Biocombustíveis

Etanol é destaque em mercado de combustíveis

Sunday, 16 de May de 2010

Etanol é destaque em mercado de combustíveis

A Federação Nacional do Comércio de Combustíveis e Lubrificantes - Fecombustíveis - divulgou o Relatório Anual da Revenda de Combustíveis 2010. De acordo com os dados, mesmo em ano de crise, o destaque no mercado de combustíveis foi para o etanol, com crescimento superior a 3 bilhões de litros.
O aumento no mercado de combustíveis de 2008 para 2009 foi de 5,4%, atingido 67 bilhões de litros. Só de etanol foram comercializados 16,5 bilhões de litros no ano passado contra os 13,3 bilhões de litros vendidos em 2008, crescimento de 23,9%.
A demanda pela gasolina cresceu apenas 0,9%, tendo atingido 25,4 bilhões de litros contra 25,2 bilhões de litros no ano anterior. A crise econômica que atingiu o mundo em 2009 freou o consumo de óleo diesel, que ficou praticamente estável. A variação foi positiva em apenas 0,2%, de 25,1 bilhões para 25,2 bilhões de litros.
Quanto ao mercado de gás natural veicular (GNV), houve queda de 10%, registrando 5,7 milhões de metros cúbicos diários comercializados no ano passado. O faturamento total do setor de combustíveis chegou a R$ 179 bilhões, resultado 3,6% maior do que os R$ 192 bilhões faturados em 2008.
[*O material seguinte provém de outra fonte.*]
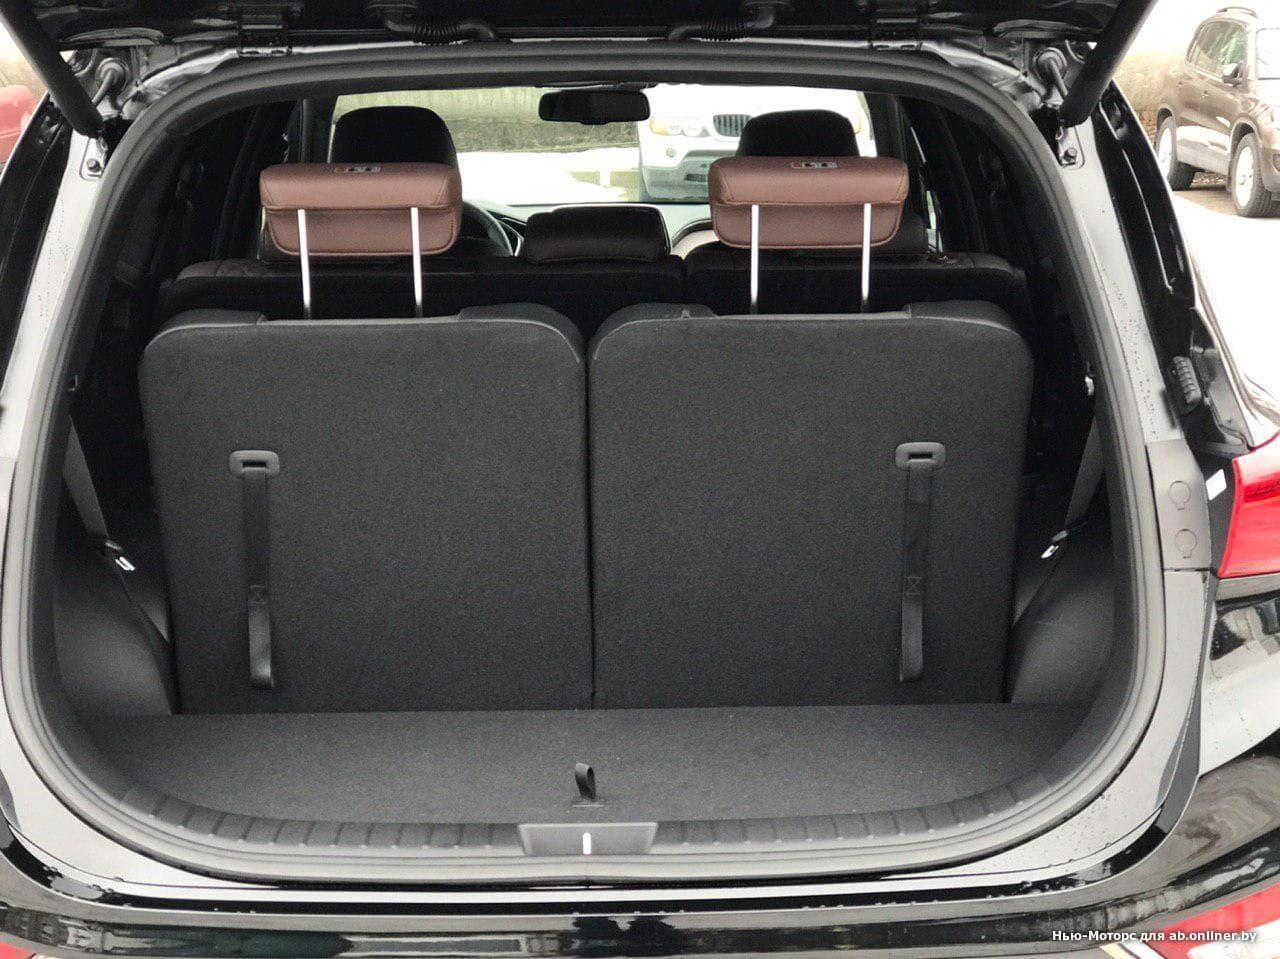 Hyundai Santa Fe Black and Brown

País deve focar na venda de tecnologias para produção de etanol, diz ex-ministro Roberto Rodrigues

O Brasil deveria se empenhar em exportar as tecnologias e os conhecimentos desenvolvidos na produção do etanol, em vez de se preocupar em vender apenas etanol para o mundo, afirmou o ex-ministro da Agricultura, Roberto Rodrigues durante debate sobre biocombustíveis no Fórum Mundial de Agricultura, em Brasília.
Rodrigues ressaltou que viajou para vários países dependentes da importação de petróleo e sempre ouviu de governos e empresários que não trocariam a dependência do óleo da Opep - Organização dos Países Exportadores de Petróleo - pela dependência do etanol brasileiro. A dependência de um único país, segundo ele, é vista como um risco maior do que depender de um grupo de países produtores de petróleo.
"Temos que levar nossas tecnologias desenvolvidas ao longo de todos esses anos, nosso know-how, nossa legislação na área, ganhando dinheiro com isso e não apenas vendendo álcool", defendeu.
Segundo Rodrigues, só haverá um mercado mundial de etanol, transformando o produto em commodity, quando o Brasil deixar de ter a exclusividade da produção. O ex-ministro disse ainda que quando muitos países estiverem produzindo etanol, o mundo verá o álcool combustível como uma alternativa viável e sustentável, substituindo o consumo de petróleo.